Margaret Thatcher Jonathan aitken Bloomsbury 764 pp; Rs 2275
Margaret Thatcher Jonathan aitken Bloomsbury 764 pp; Rs 2275

Her ambition, nurtured by her father and helped by her insecurities about her background, defined her from an early age. At one point in Phyllida Lloyd’s The Iron Lady, an ageing Thatcher says that politics “used to be about doing something. Now it is about being someone.” But Margaret Roberts was always obsessed with becoming an MP. Aitken describes her in Oxford, disenchanted by the male chauvinism and social snobbery that she faced, but winning no friends through her constant attempts at recruiting whoever she met into the Conservative Party.

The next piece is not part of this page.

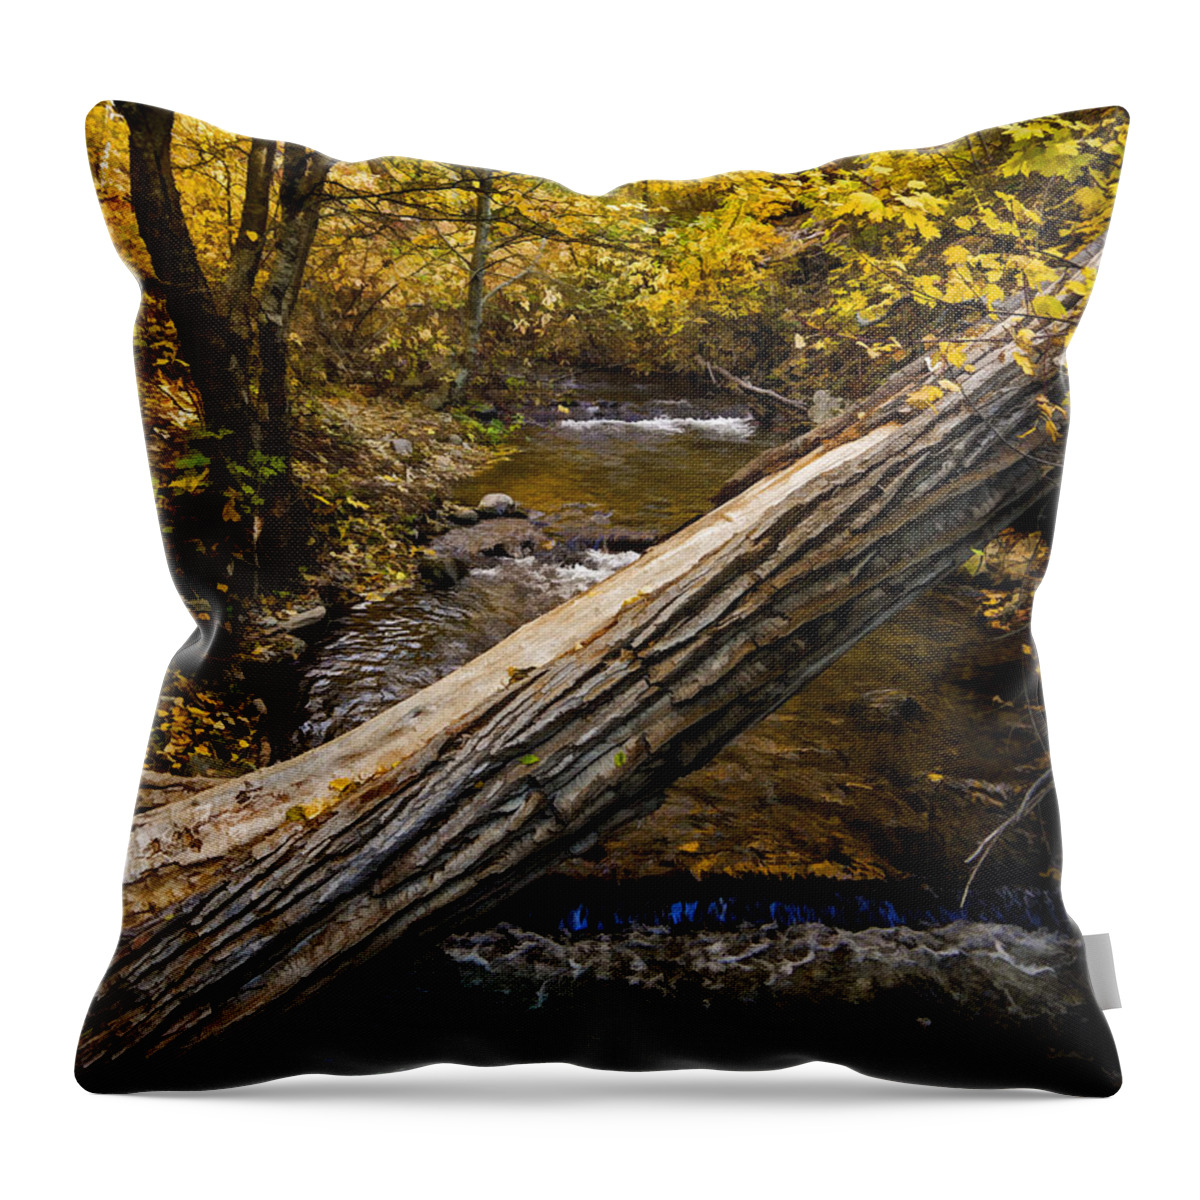 Discover Our Strengths Throw Pillow featuring the photograph Discover Our Strengths by Jordan Blackstone

Over-eager and socially awkward, lacking a common touch or a sense of humour, Thatcher’s ambition would leave her isolated throughout her career.

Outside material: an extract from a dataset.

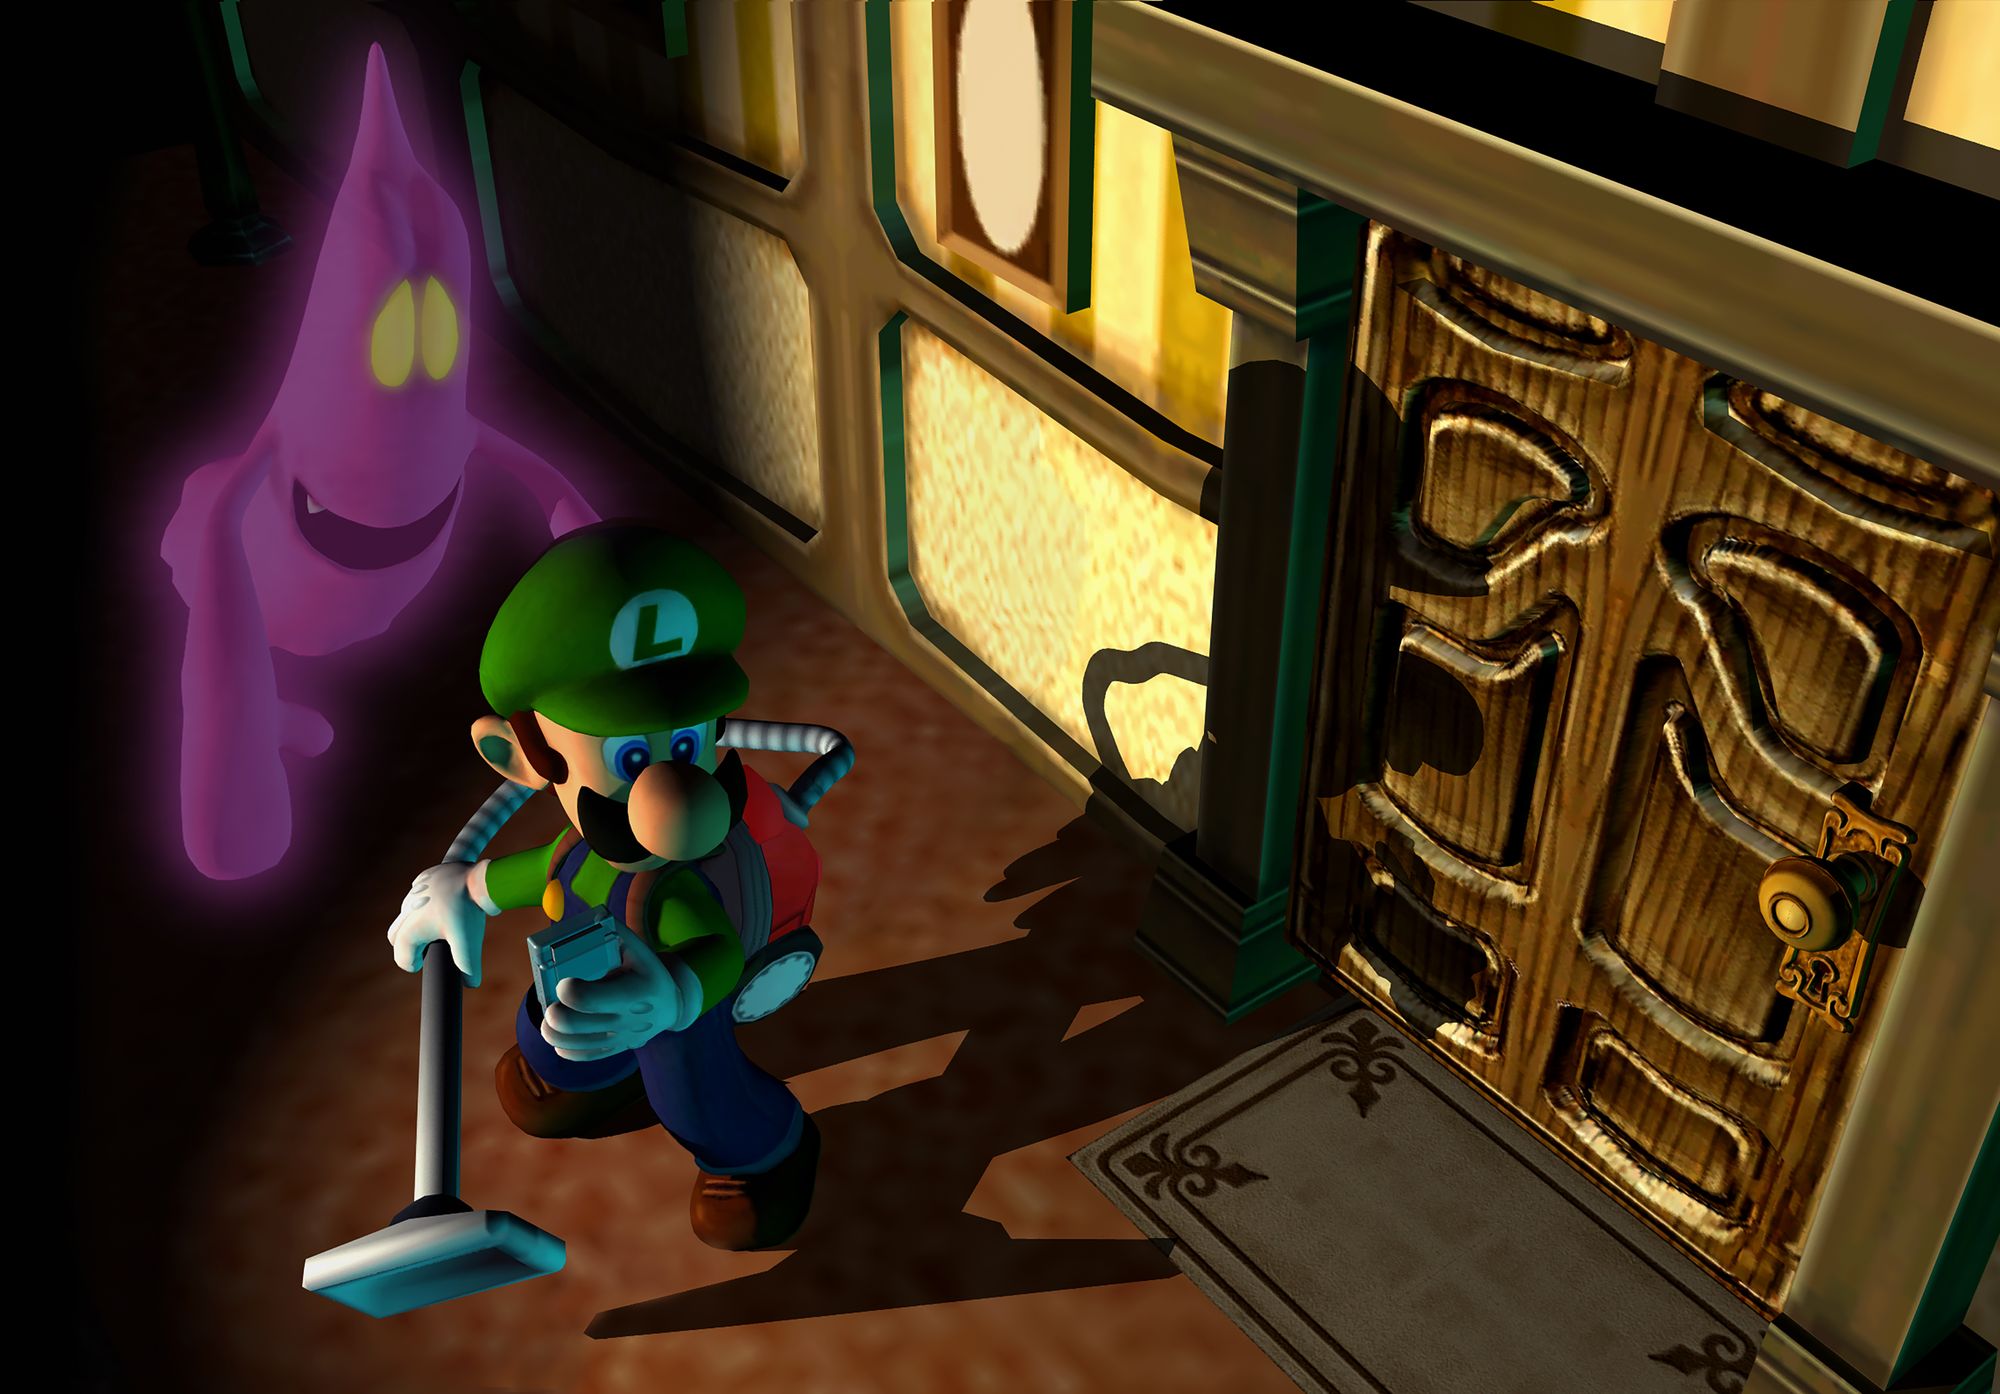 Are they ever gonna make a Luigi's Mansion 4 or what? What am I

Despite her ambition, few considered Thatcher a likely future prime minister before the infamous winter of discontent in 1979, when James Callaghan’s Labour government failed to prevent the largest industrial action in half a century. It wasn’t just her gender; Aitken’s biography shows in great detail how she was a political lightweight until the precise moment when she was not. Although a powerful public speaker, she struggled in Parliament, being outmanoeuvred so easily by Harold Wilson and Callaghan while Leader of the Opposition that her party was already contemplating replacing her. Her rise to that post was the result of there being no credible alternative to Ted Heath, and helped by a Macchiavellian campaign for the leadership. Even her promotions in the party to the front bench, Aitken contends, were largely the result of her being the token woman.

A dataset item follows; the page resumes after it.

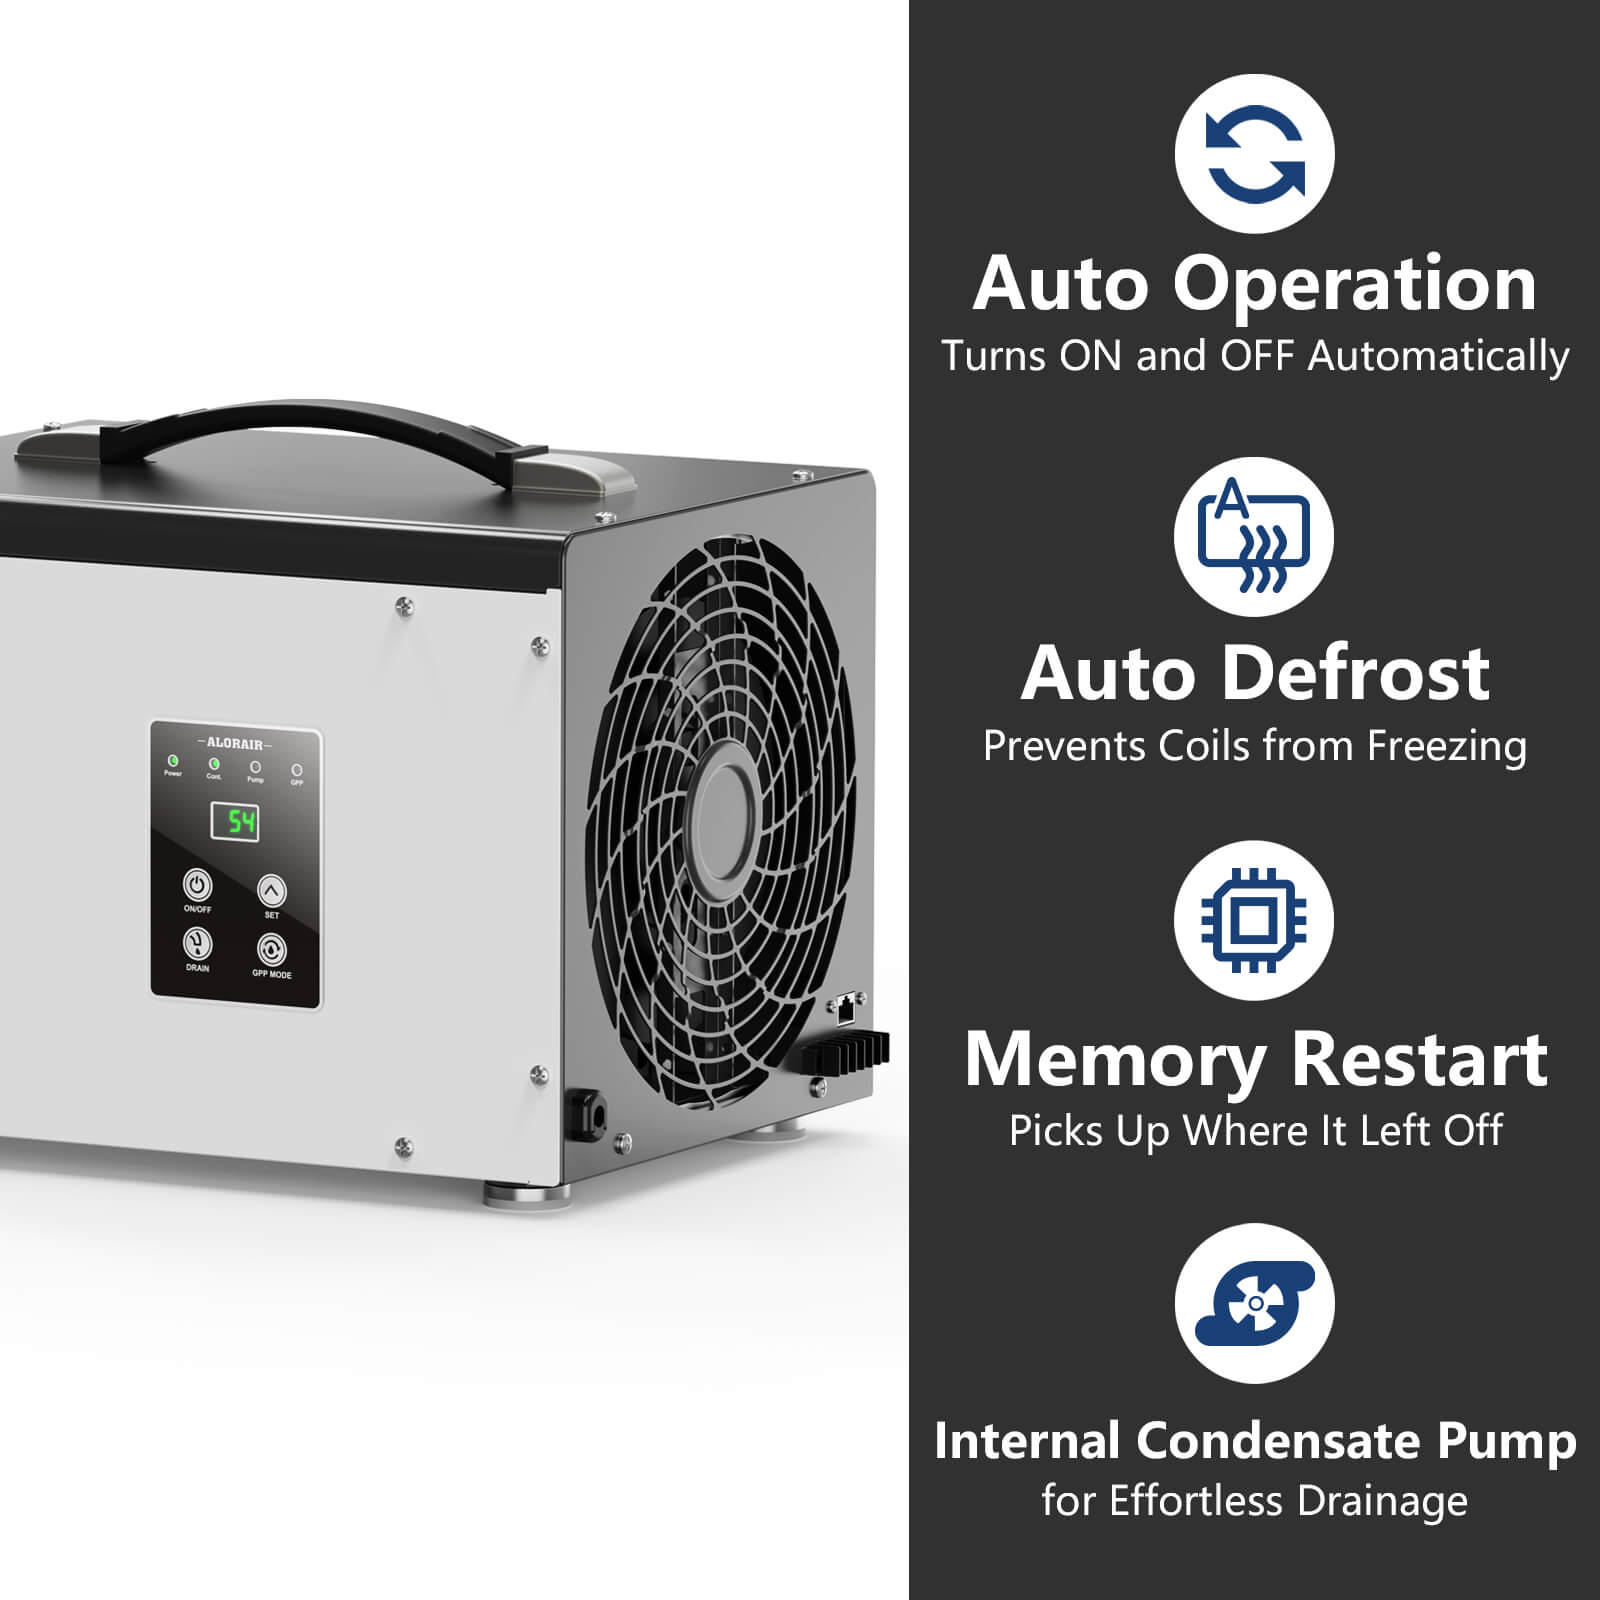 AlorAir Sentinel HD35P 70 Pint Crawl Space Dehumidifier with Drain Hose, Automatic Defrost, Up to 1000 Sq. Ft. Commercial Dehumidifier w/ Energy Star Certified, ETL Listed, GLGR Technology, 5 Year Warranty AlorAir

For someone who changed the fundamental ideology of Britain, there was very little Britain knew about the ideas Thatcher stood for before her election. They knew much more about what she was against. She was never overtly involved in the ideological debates the Conservative party faced in the 1970s, though she did discreetly support the neoliberals led by Keith Joseph. Unlike the principles of the welfare state, arrived at after years of negotiations, protests and incremental advances, her policies were imposed on the nation through the “elective dictatorship” of her secure majority in Parliament. Those in her Cabinet who disagreed were replaced by those who didn’t, and the split in the Labour party meant she never had a credible Opposition to worry about. Any fears of losing an election were laid to rest after the spectacular victory in the Falkland Islands.
Instead of coherent ideas, what Britain got from Thatcher throughout her political career was a set of homilies, reducing the complexities of governance into highly simplistic rubrics. She shrewdly couched the most divisive of ideas in common sense — balancing the budget is like keeping household accounts; no mother would ever deny her child milk, so it is all right for the government to do so — which often conveniently ignored the realities of poverty. These shallow statements were accompanied by one of the most negative election campaigns in British history. It’s a model that is copied extensively today, both by the Tea Party in the US and Narendra Modi in India, successful as it feeds on, and adds to, the paranoia of the middle classes. This brand of disingenuous politics may be her most dangerous legacy of all.